■ Supplied records:
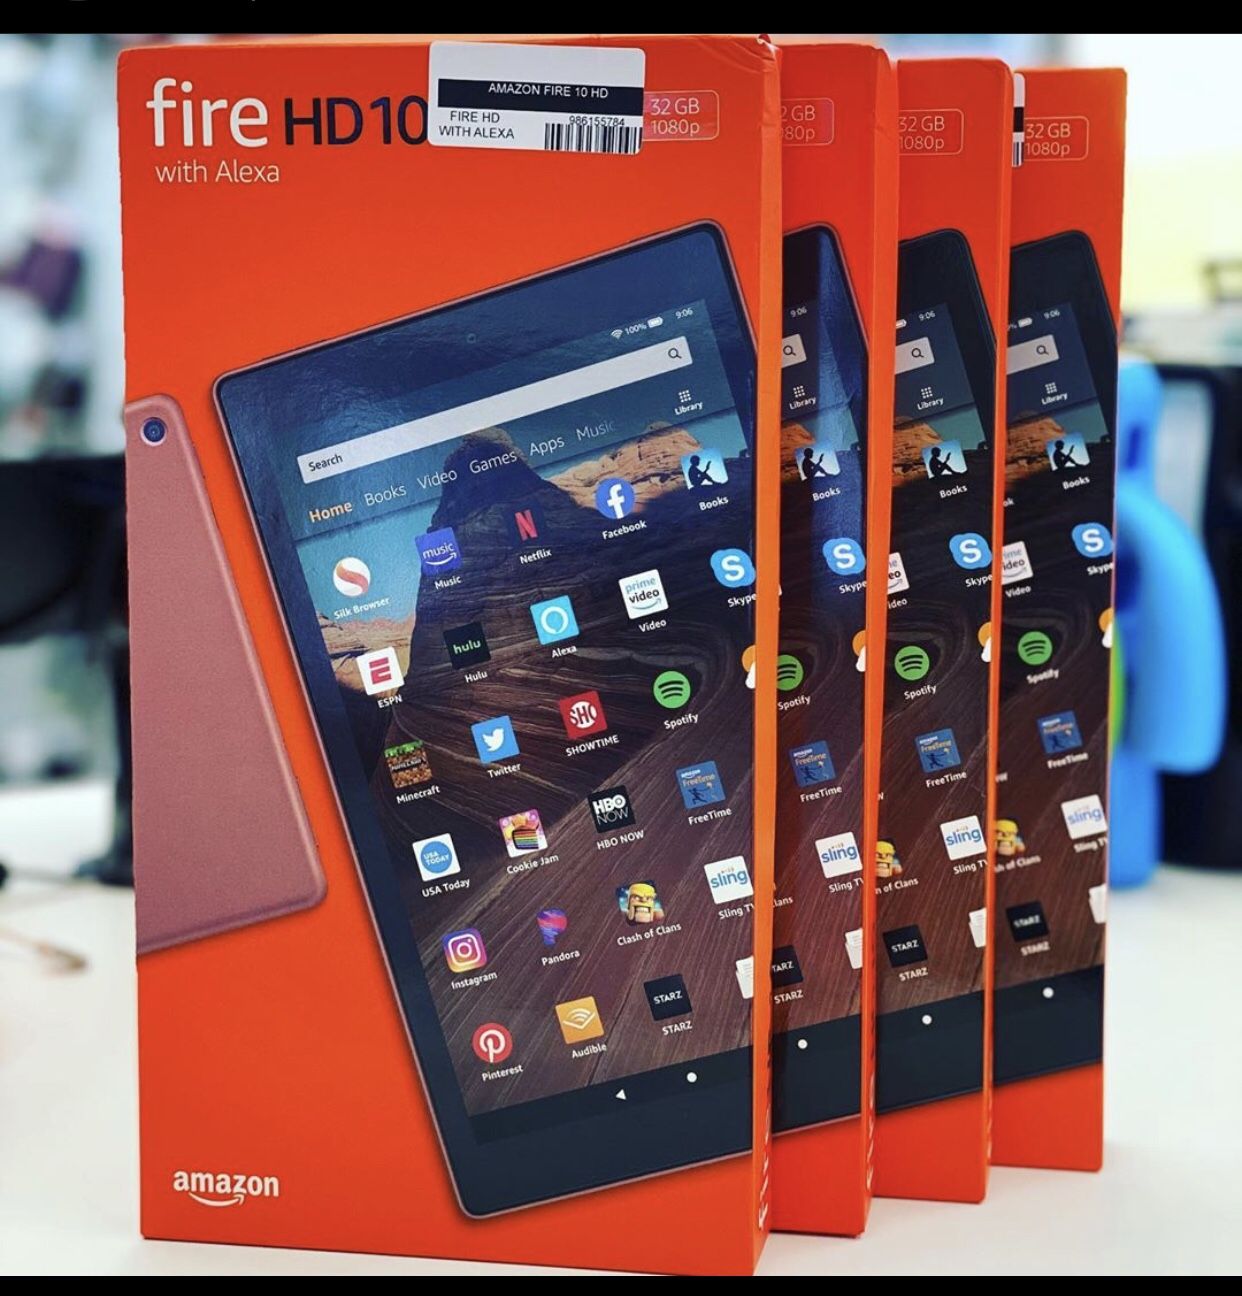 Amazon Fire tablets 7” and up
...
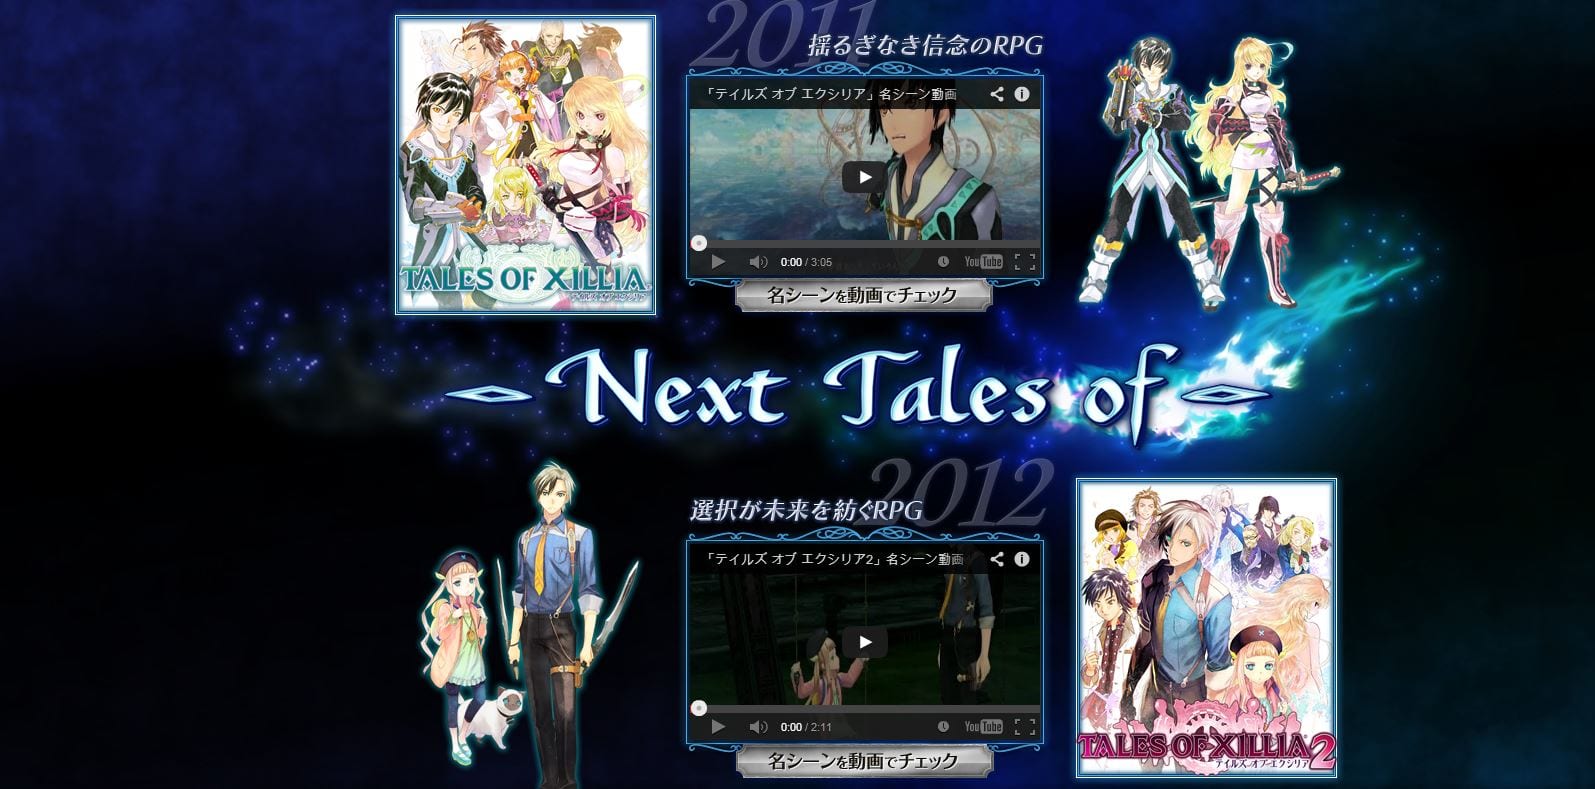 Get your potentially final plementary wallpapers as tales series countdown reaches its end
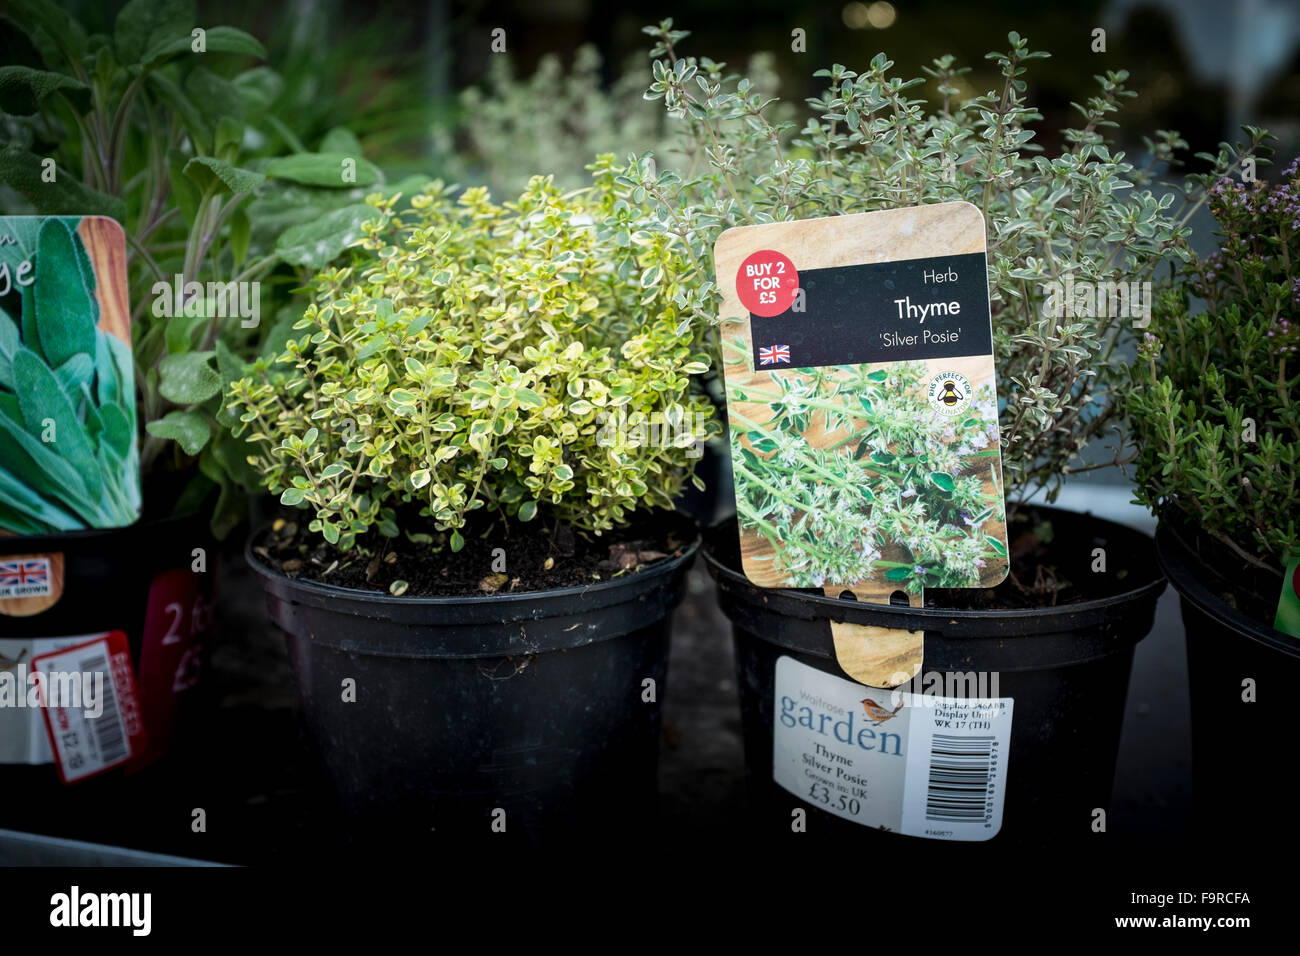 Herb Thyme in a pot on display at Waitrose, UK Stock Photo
==
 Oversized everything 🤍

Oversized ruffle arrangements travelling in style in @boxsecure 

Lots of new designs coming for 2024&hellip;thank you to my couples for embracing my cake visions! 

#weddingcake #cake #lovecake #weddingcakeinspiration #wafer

■ How to complete this task: Beginning with the line containing "Oversized everything 🤍" and ending with the line containing "#weddingcake #cake #lovecake", extract those lines exactly from the listing above, and only those.

■ Solution to the exercise:
 Oversized everything 🤍

Oversized ruffle arrangements travelling in style in @boxsecure 

Lots of new designs coming for 2024&hellip;thank you to my couples for embracing my cake visions! 

#weddingcake #cake #lovecake #weddingcakeinspiration #wafer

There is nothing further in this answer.